#### Action item
Wherever a picture appears in the listing below, leave it out and reproduce the rest exactly.

#### Supplied information
------------------------
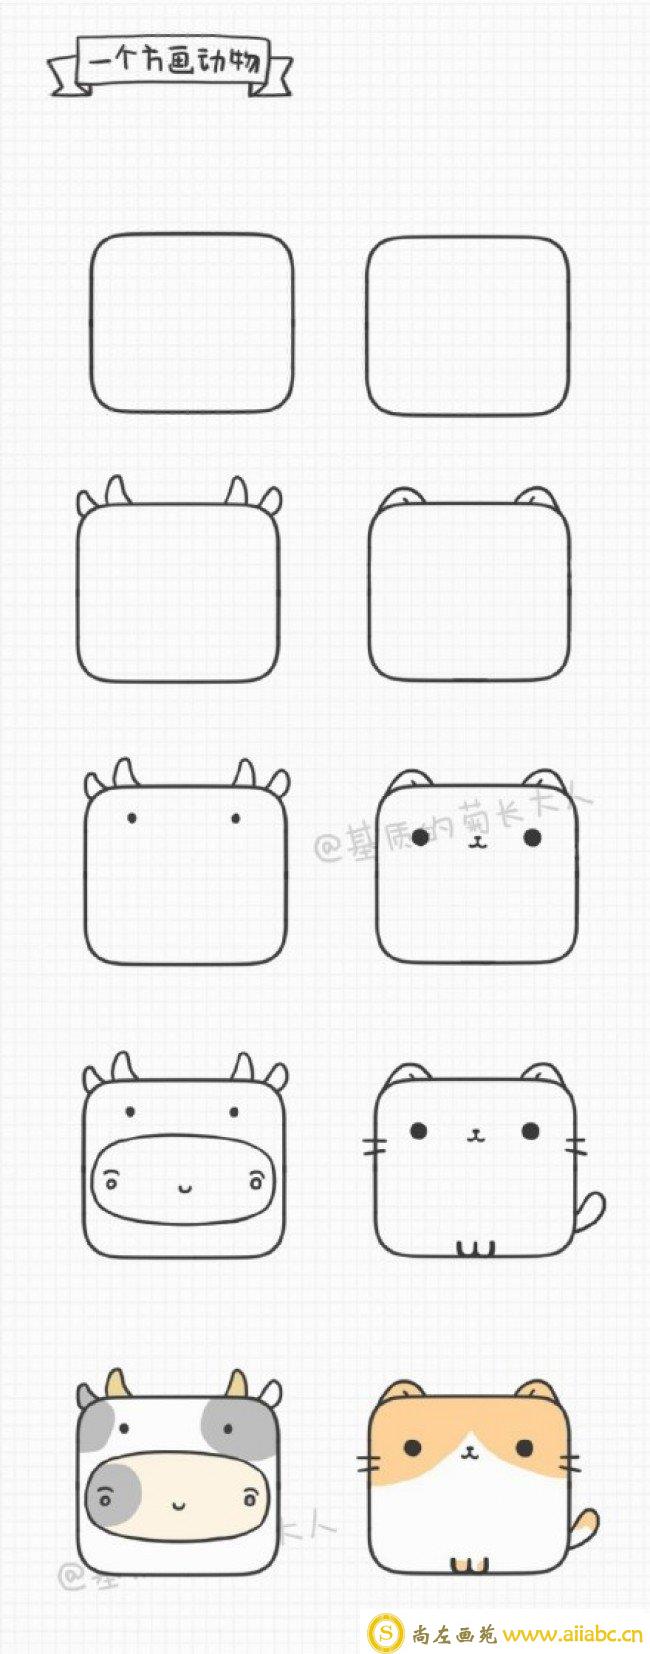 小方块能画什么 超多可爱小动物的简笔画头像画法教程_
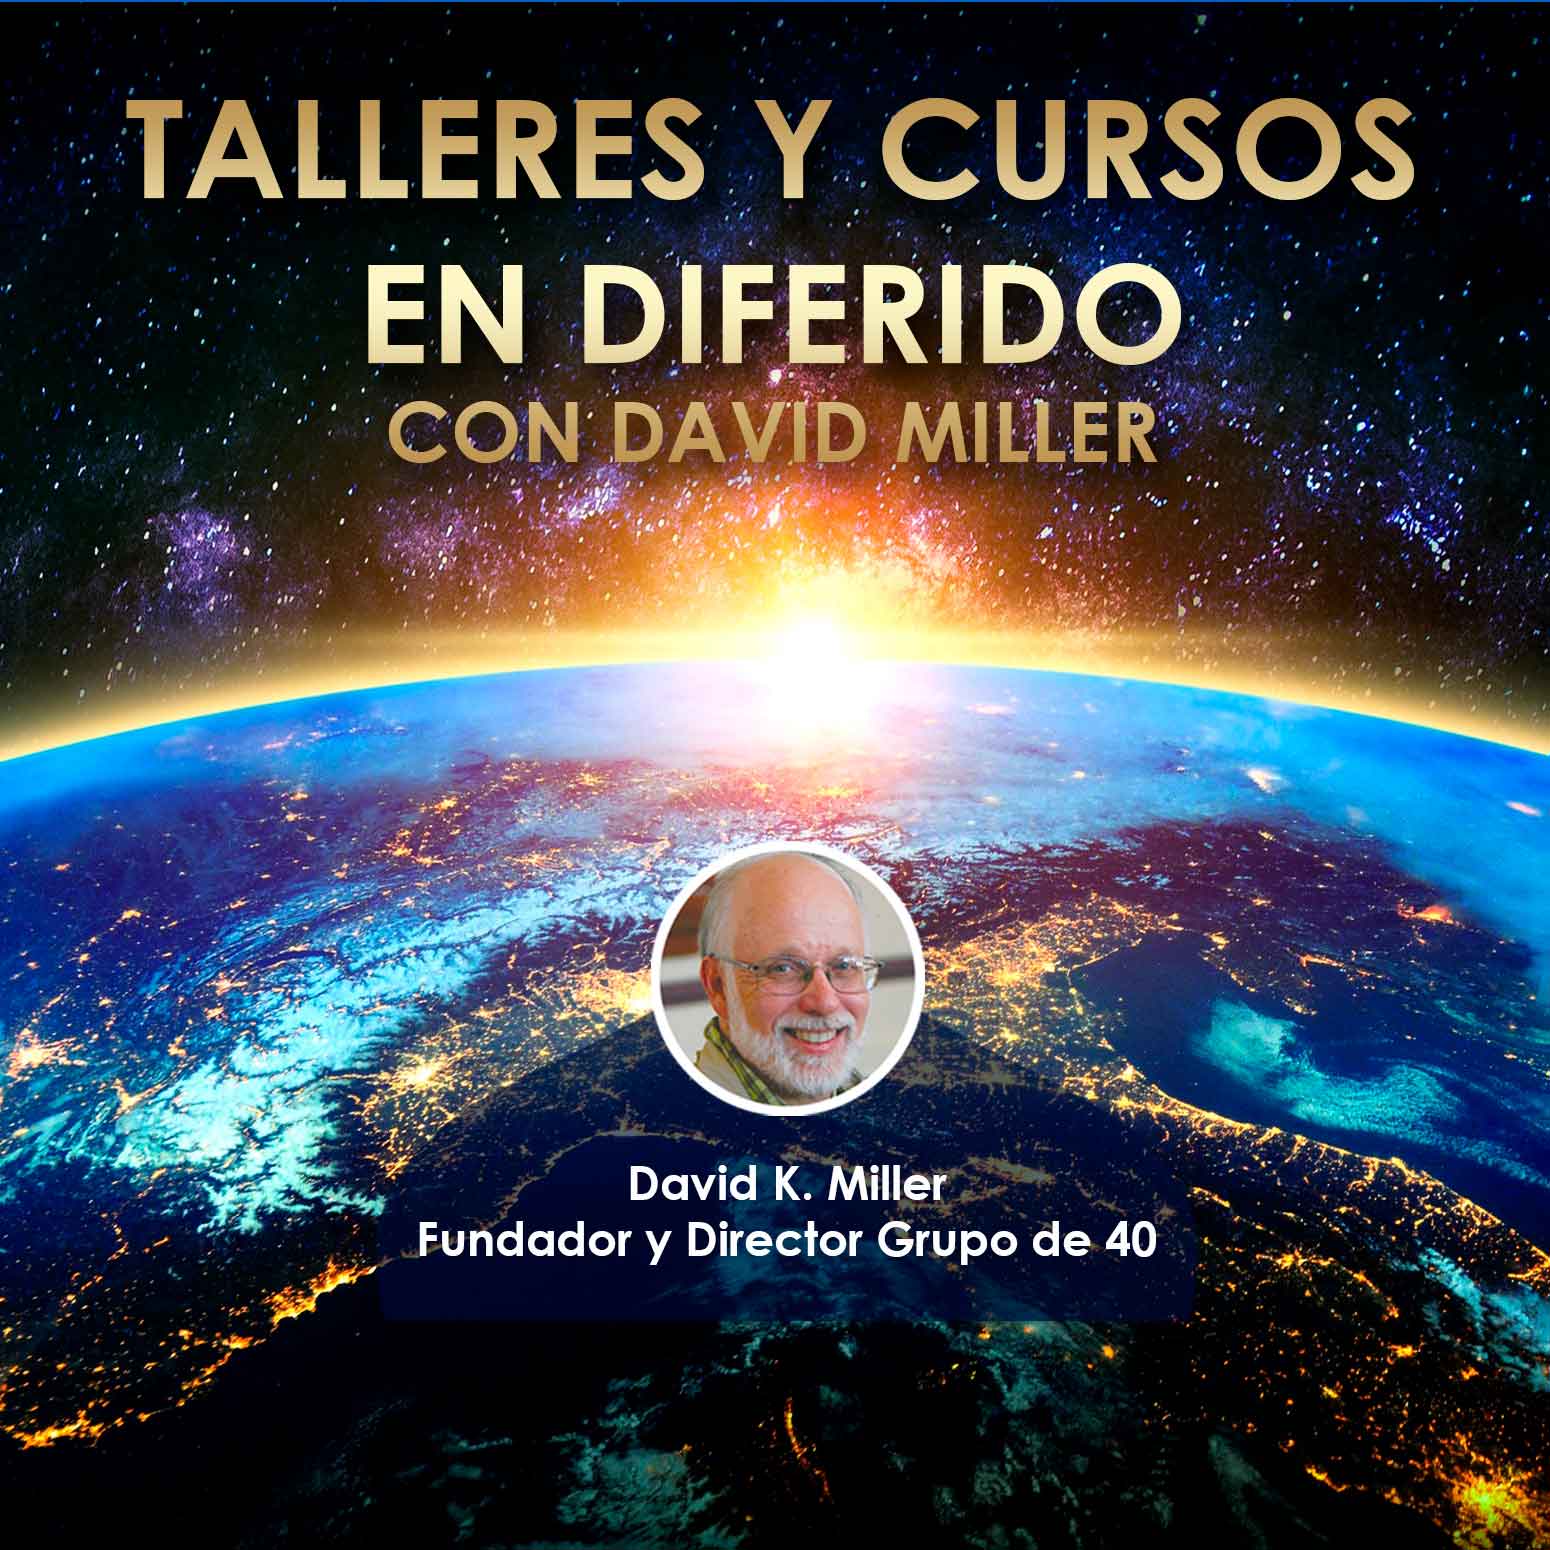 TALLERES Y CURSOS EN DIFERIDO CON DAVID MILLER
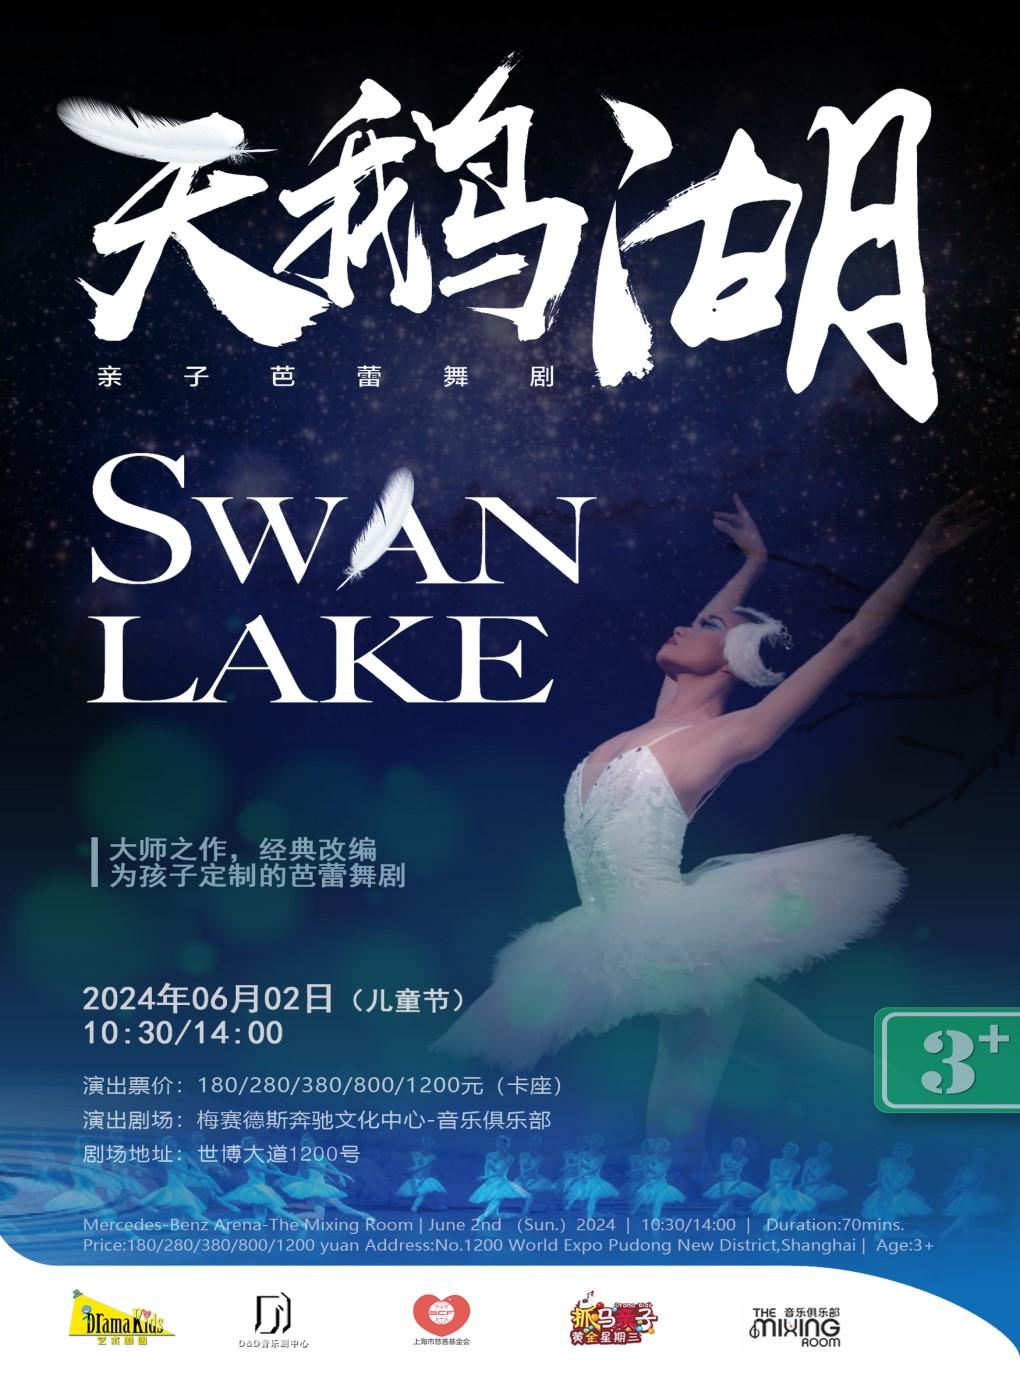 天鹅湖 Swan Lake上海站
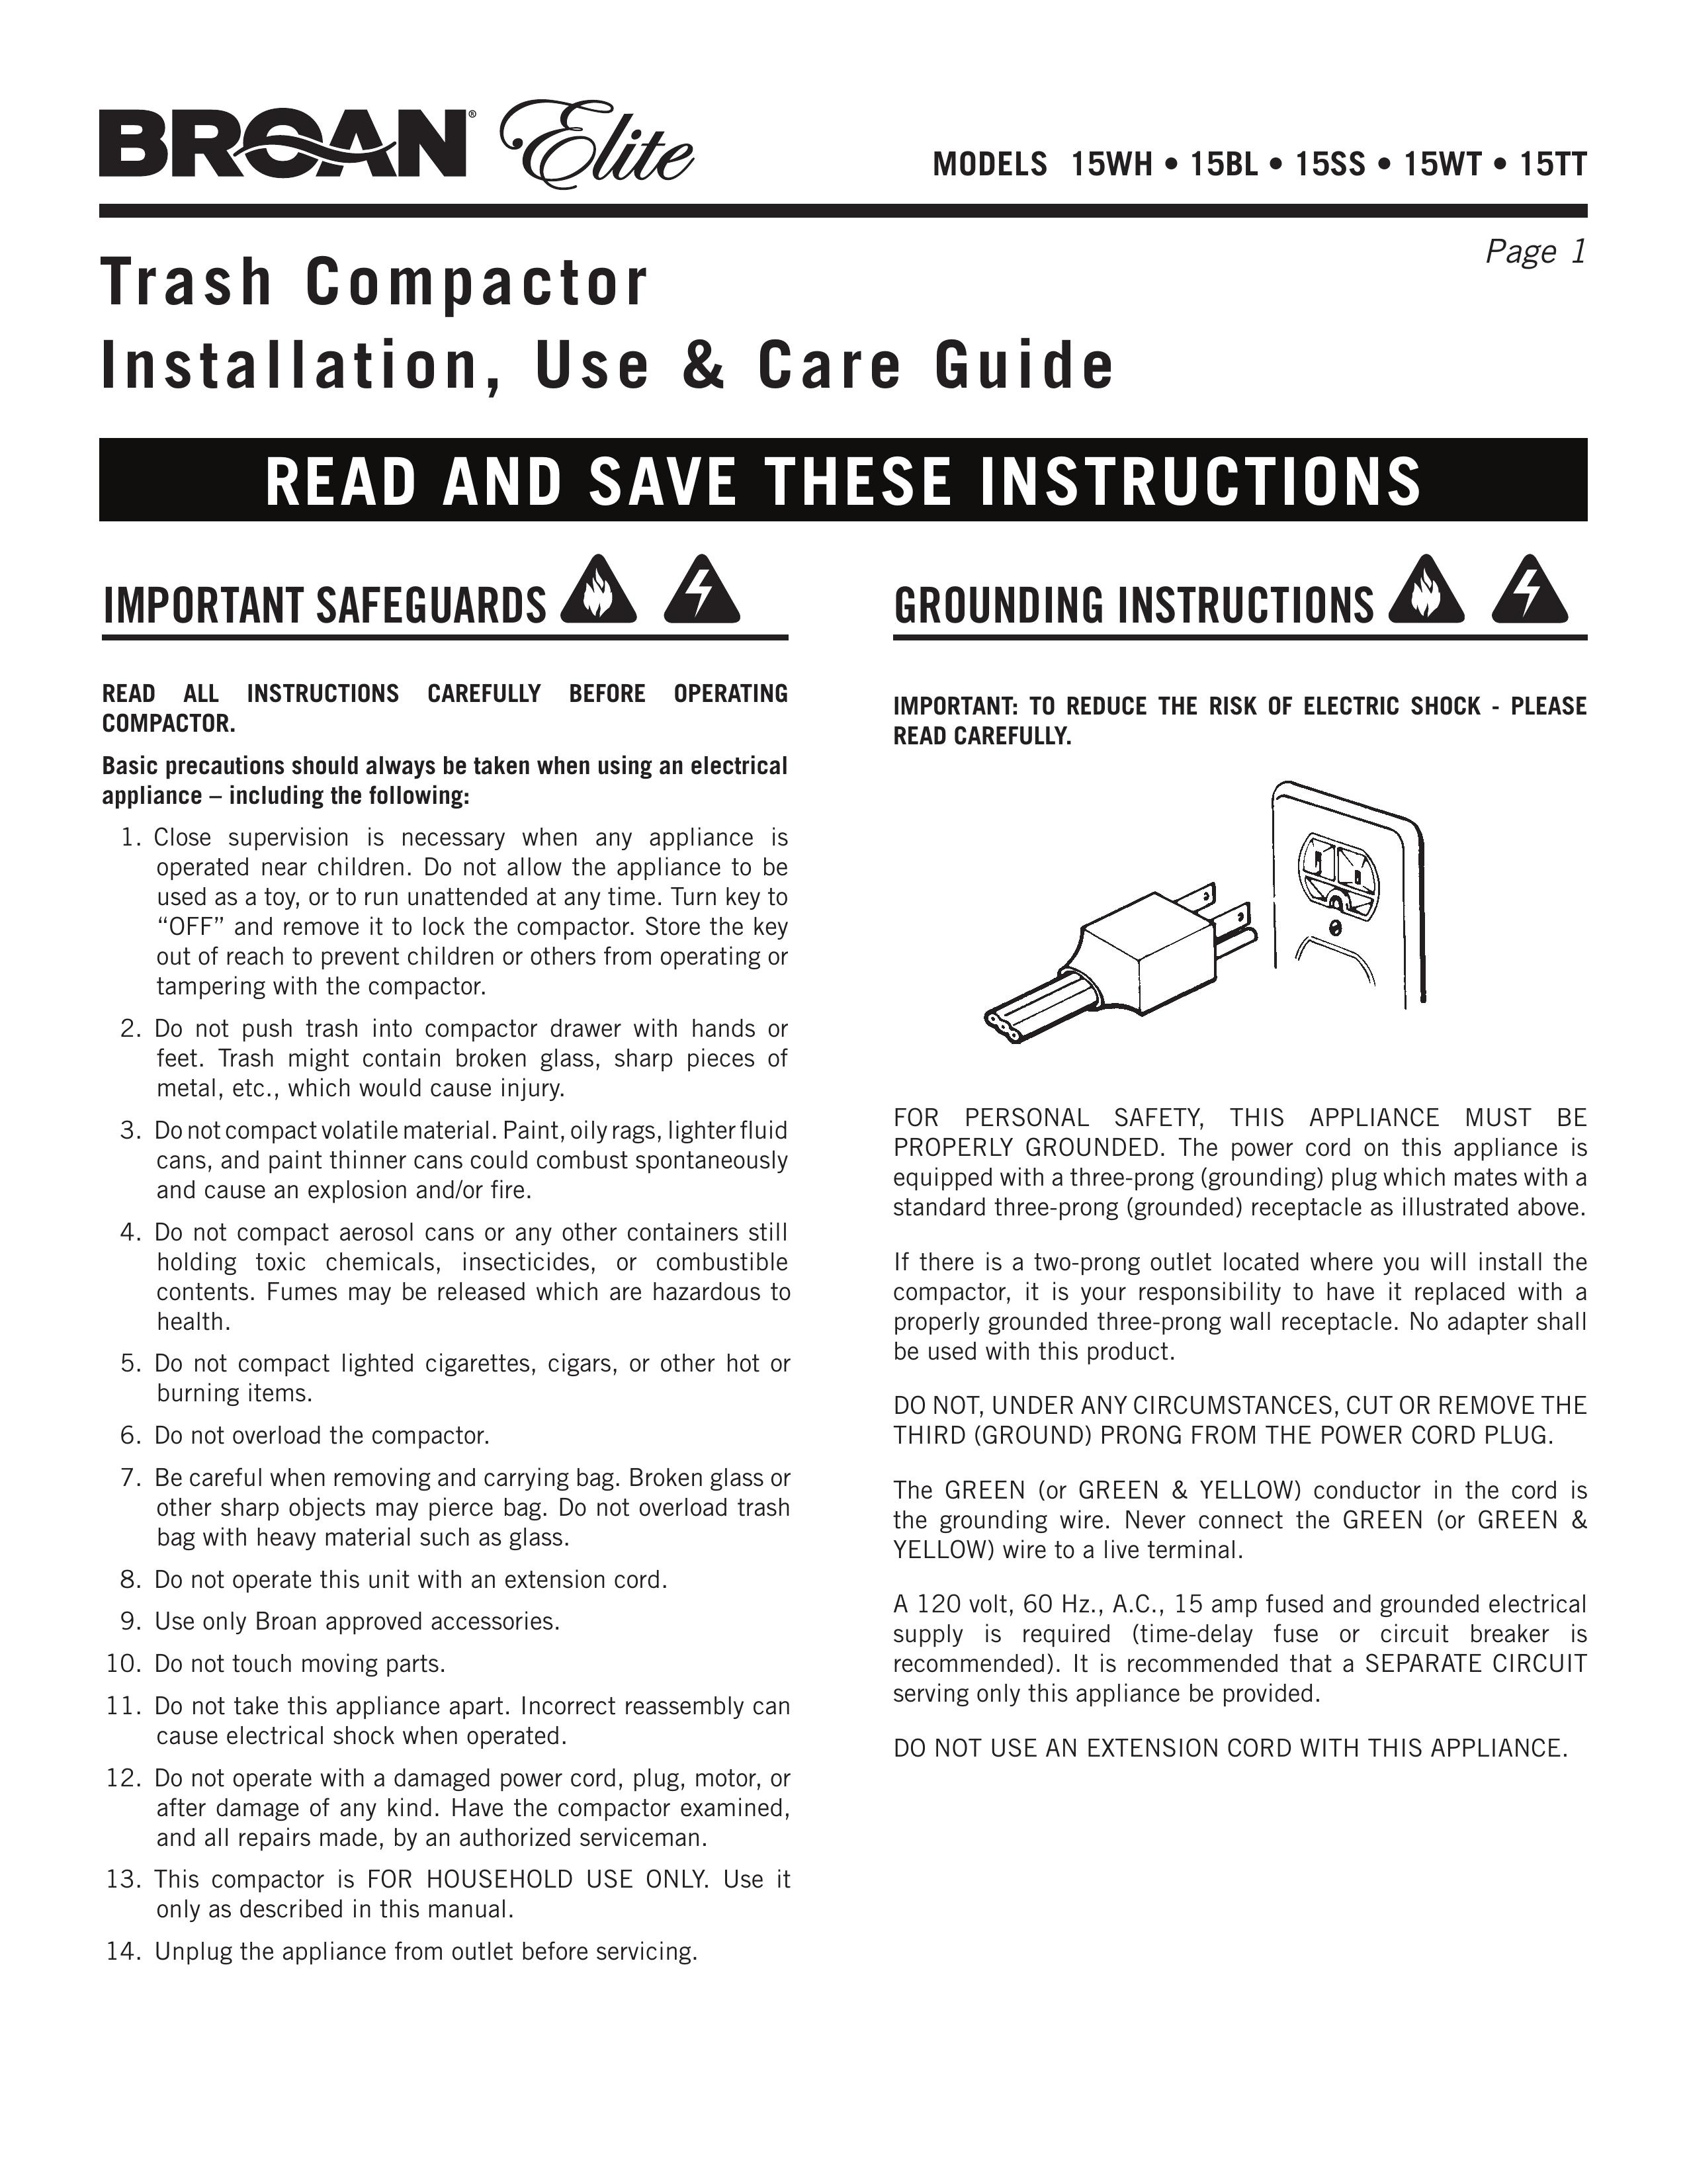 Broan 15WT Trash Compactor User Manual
------------------------
#### Output of the task
 小方块能画什么 超多可爱小动物的简笔画头像画法教程_
 TALLERES Y CURSOS EN DIFERIDO CON DAVID MILLER
 天鹅湖 Swan Lake上海站
 Broan 15WT Trash Compactor User Manual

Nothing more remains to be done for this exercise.